Visualizating olympics medals in R

Recently I have been more interested to perform web scraping to extract public data to perform data analysis. There are probably many R packages out there that do a good job at such task, but I found out that the rvest was among the most popular ones. Hence I decided to give it a try.

In this post, I’m using the rvest library to visualize how many medals were obtained by each country during the summer Olympics 2016. I thought it would be a first good exercise to get my hands around it.

Extracting data from web

First, let’s extract medals count information from the web. Here we are going to use data from NBC website.

library(rvest)
library(dplyr)

url1 <- "http://www.nbcolympics.com/medals"
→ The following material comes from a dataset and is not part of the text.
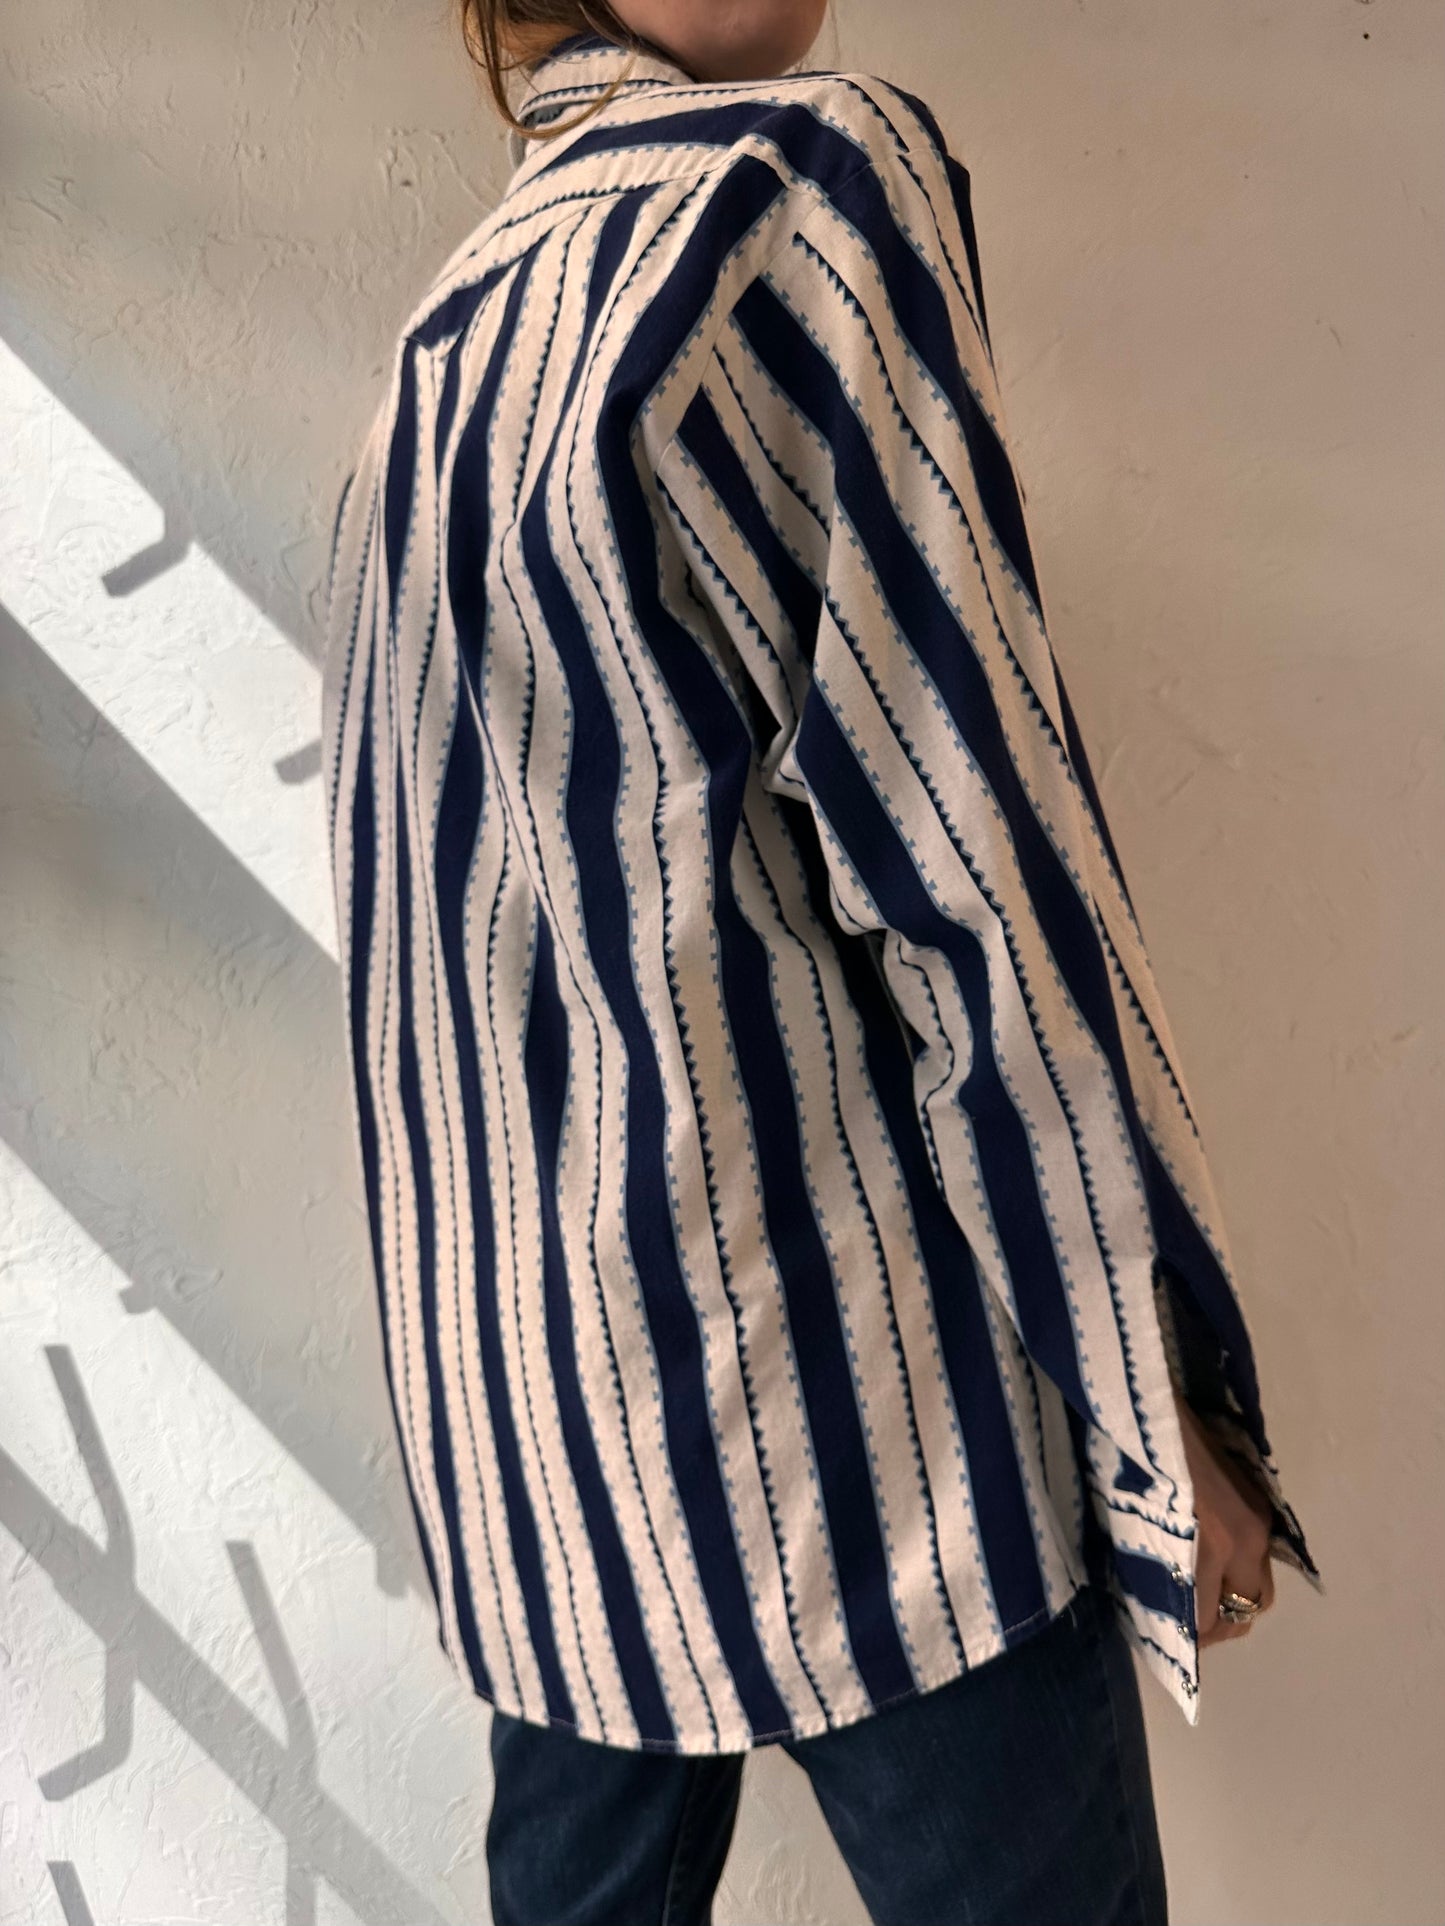 Vintage 'Panhandle Slim' Striped Western Pearl Snap Shirt / Large
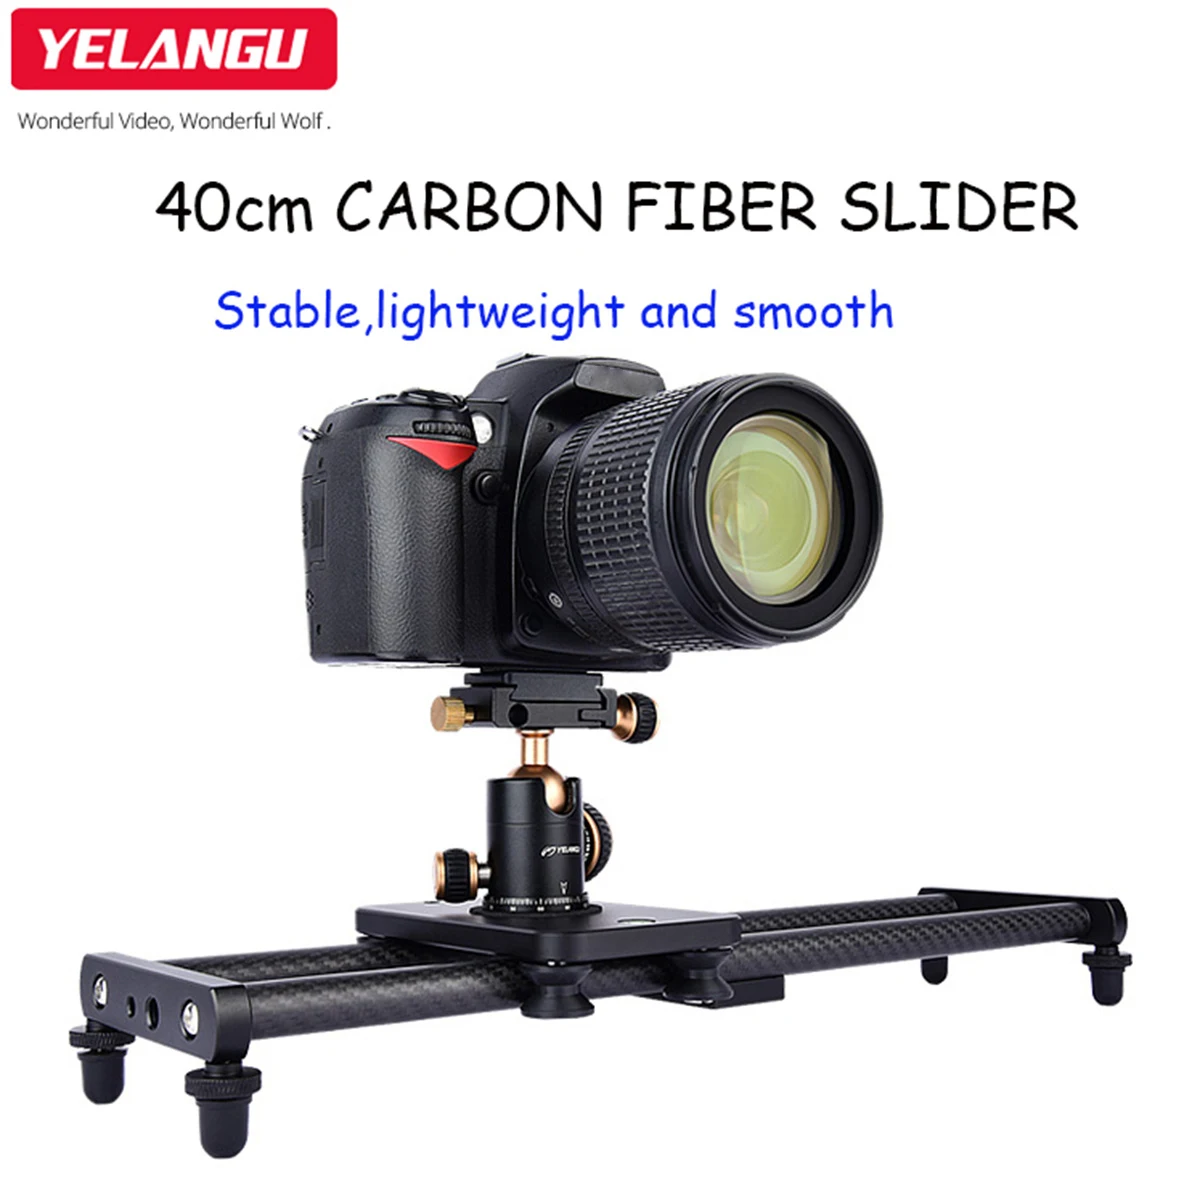 Carbon Fiber Video Stabilizer Rail, Carbon Fiber Track Slider

medals <- read_html(url1) %>%
  html_nodes("table") %>%
  .[[1]] %>%
  html_table()

knitr::kable(head(medals))
Place Country Gold Silver Bronze Total
1 Norway 14 14 11 39
2 Germany 14 10 7 31
3 Canada 11 8 10 29
4 United States 9 8 6 23
5 Netherlands 8 6 6 20
6 South Korea 5 8 4 17

Get country codes and tidy the data

We are now almost ready to plot the data. I thought it would be interesting to enhance the visualization by associating each country to its flag. To do so, I first need to extract the two-characters ISO code for each country using the countrycode package. This is pretty straightforward using the countrycode() function. The next few lines are only used to tidy the data so it works well with ggplot2.

library(countrycode)
library(tidyr)

medals <- medals %>%
  mutate(code = countrycode(Country, "country.name", "iso2c")) %>%
  mutate(code = tolower(code)) %>%
  gather(medal_color, count, Gold, Silver, Bronze) %>%
  mutate(medal_color = factor(medal_color, levels = c("Gold", "Silver", "Bronze"))) %>%
  rename(country = Country) %>%
  drop_na(country, code)

knitr::kable(head(medals))
Place country Total code medal_color count
1 Norway 39 no Gold 14
2 Germany 31 de Gold 14
3 Canada 29 ca Gold 11
4 United States 23 us Gold 9
5 Netherlands 20 nl Gold 8
6 South Korea 17 kr Gold 5

Plotting the data

Using ggplot2 it is easy to plot the data. Do not forget to install the ggflags package from Github using devtools::install_github("baptiste/ggflags").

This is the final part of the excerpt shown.